Oh, I've read that diatoms especially RL and TW are N limited in F2. I guess there other things to consider before that actually happens. I just see so many hobbyists having trouble with these two using F2 I don't want to follow in their footsteps, for the sake of simplicity. Do you think that cutting corners may be more to blame than inadequate nutrients?
 
With diatoms it is more likely Silicate that is limiting. You can get Giullards f/2 with added Si for those ;)
 
Thank you, for all of the help. Do you think carboys with spigots would be a lot more likely to have contamination problems? I was also thinking that with those I could experiment with running a manual short-term continuous culture. It would also make it easier to feed.
 
The spigots take a bit more time and effort to sanitize, but not a crazy amount more. As to whether or not the extra is worth it, depends on how fast your going through the culture. Using plastic carboys, I just pick them up and pour into a large plastic picture, which I then use to carry over to my rots for feeding.
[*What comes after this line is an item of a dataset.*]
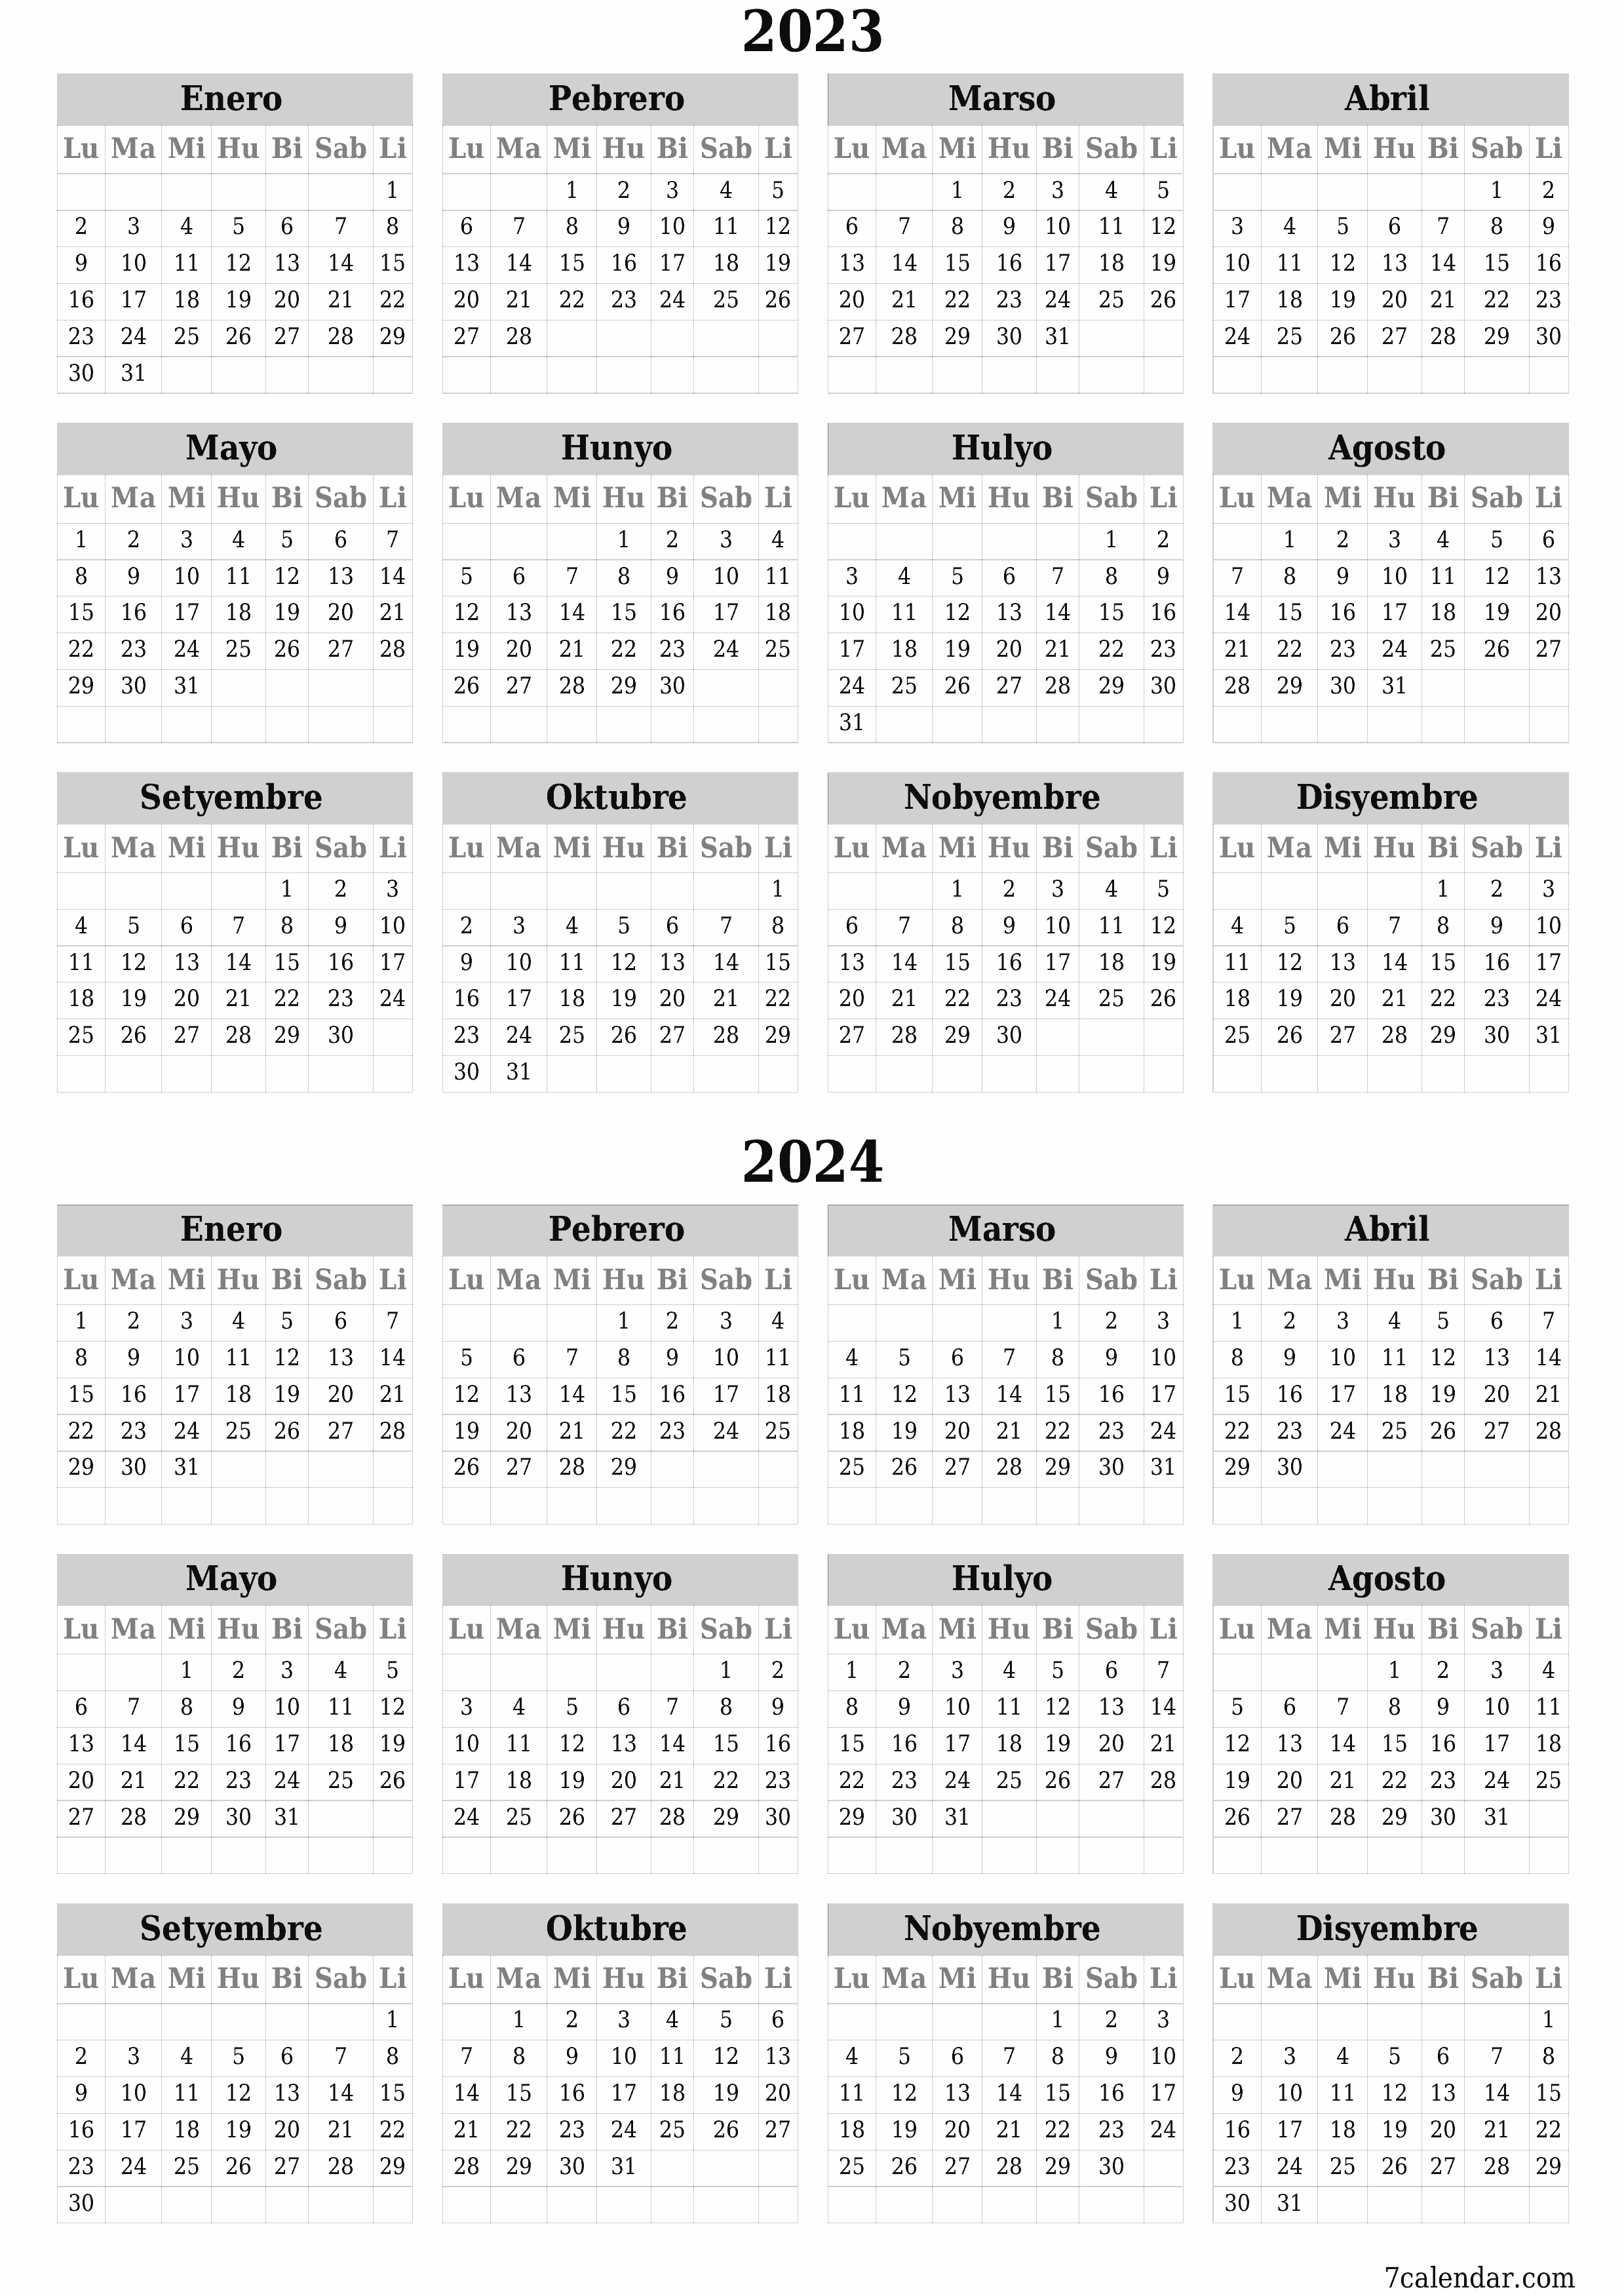 napi-print na sa dingding template ng libreng patayo Taunan kalendaryo Oktubre (Okt) 2023

That picture doesn't go back the phyto culture till after it's been cleaned ;)
 
True, I think the effort spent sanitizing them would be worth the ease of use. Have you ever heard of anyone using something like white vinegar to lower pH rather than using a buffer to balance chemical interactions? Do you think using an air dryer inline on the air to the culture vessel would help keep the pH down, in high humidity say above 50%? I guess that would depend on what the pH is inside the culture.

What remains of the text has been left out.